In the debate on how and why biodiversity evolves spatially and temporally and in an attempt to assess the further effects of anthropogenic activities, the ability of marine invertebrate to express a large spectrum of phenotypical plasticity can have a central role. The ability of a single genotype to produce more than one alternative form of morphology and/or physiological state should be larger in species living in highly changing waters like shallow habitats. Invertebrates, there, usually experience ample changes of temperature and food availability on annual, seasonal, diurnal and hourly bases which are the two main drivers leading the life histories of these organisms. In such circumstances they are expected to have a larger ability to express plastic phenotypic traits respect to species living under more stable conditions.
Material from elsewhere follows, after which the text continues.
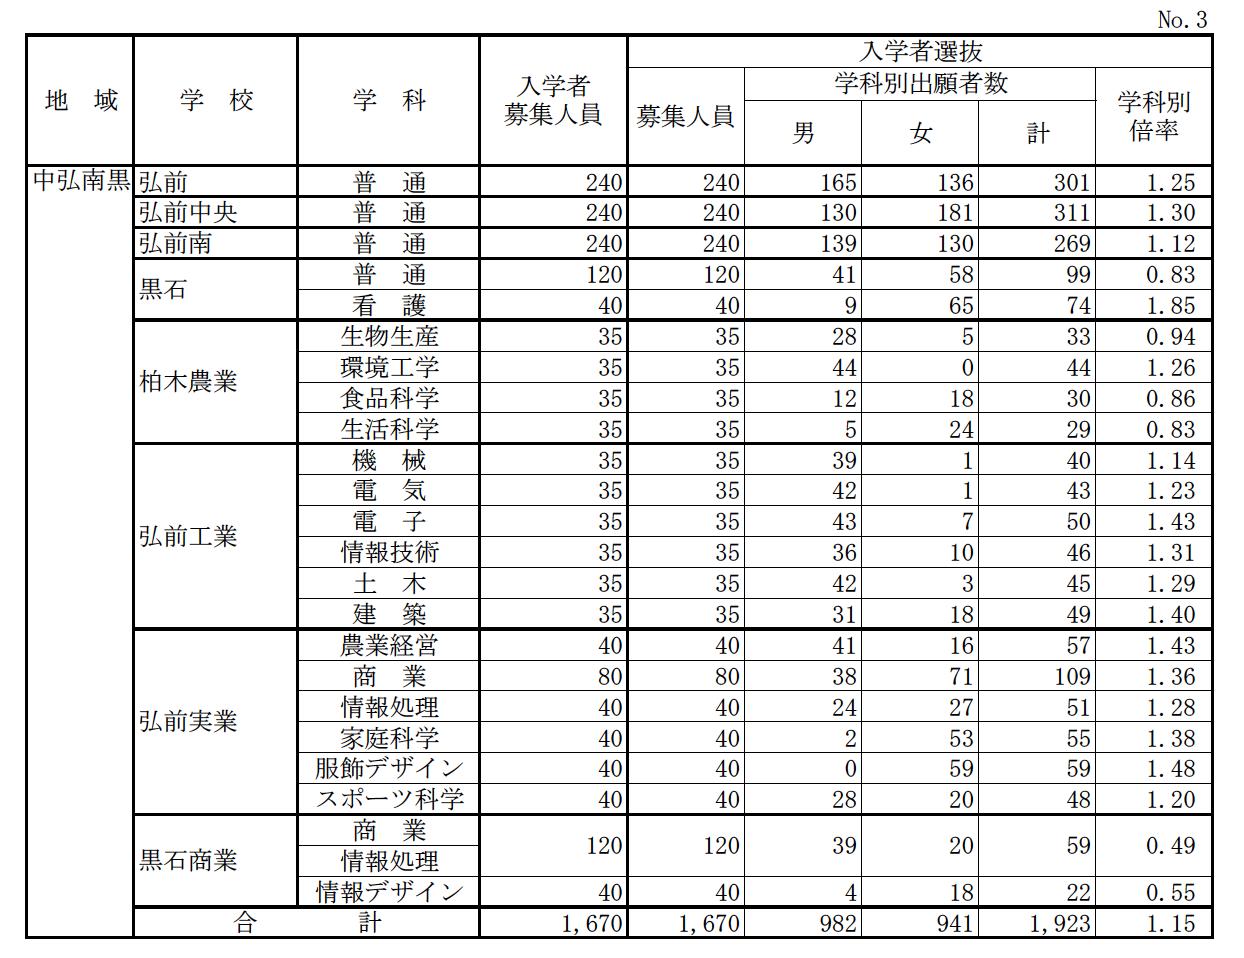 茨城 県立 高校 入試 2021 倍率 発表 【茨城県】2021年度県立高校入試

Hence, the geometric morphometry is informative in understanding if morphology of sessile bivalves significantly changes as a function of different conditions of environmental variability. Here we focus on Brachidontes pharaonis as a model of our morphometric study as it spans intertidal, subtidal and shallow Mediterranean habitats with a range of physical and biological characteristics, colonising valuable shallow habitats. Specimens where collected from habitats at different degree of thermal variability throughout the Sicily: shallow waters (Stagnone di Marsala and Vendicari lagoons), some typical intertidal marine substrates and from pillars of a power plant (T. Imerese). Geometric morphometric analysis carried out on 248 specimens by means the MakeFan6 and MophoJ 1.01 softwares allowed us to individuate differences in the shell shape. Significant differences of morphotypes appeared to be variable with temperature in that shallow specimens formed a significant distinct cluster respect to marine organisms although we detected a partial overlapping among them, while power plant specimens were at all different from all other mussels.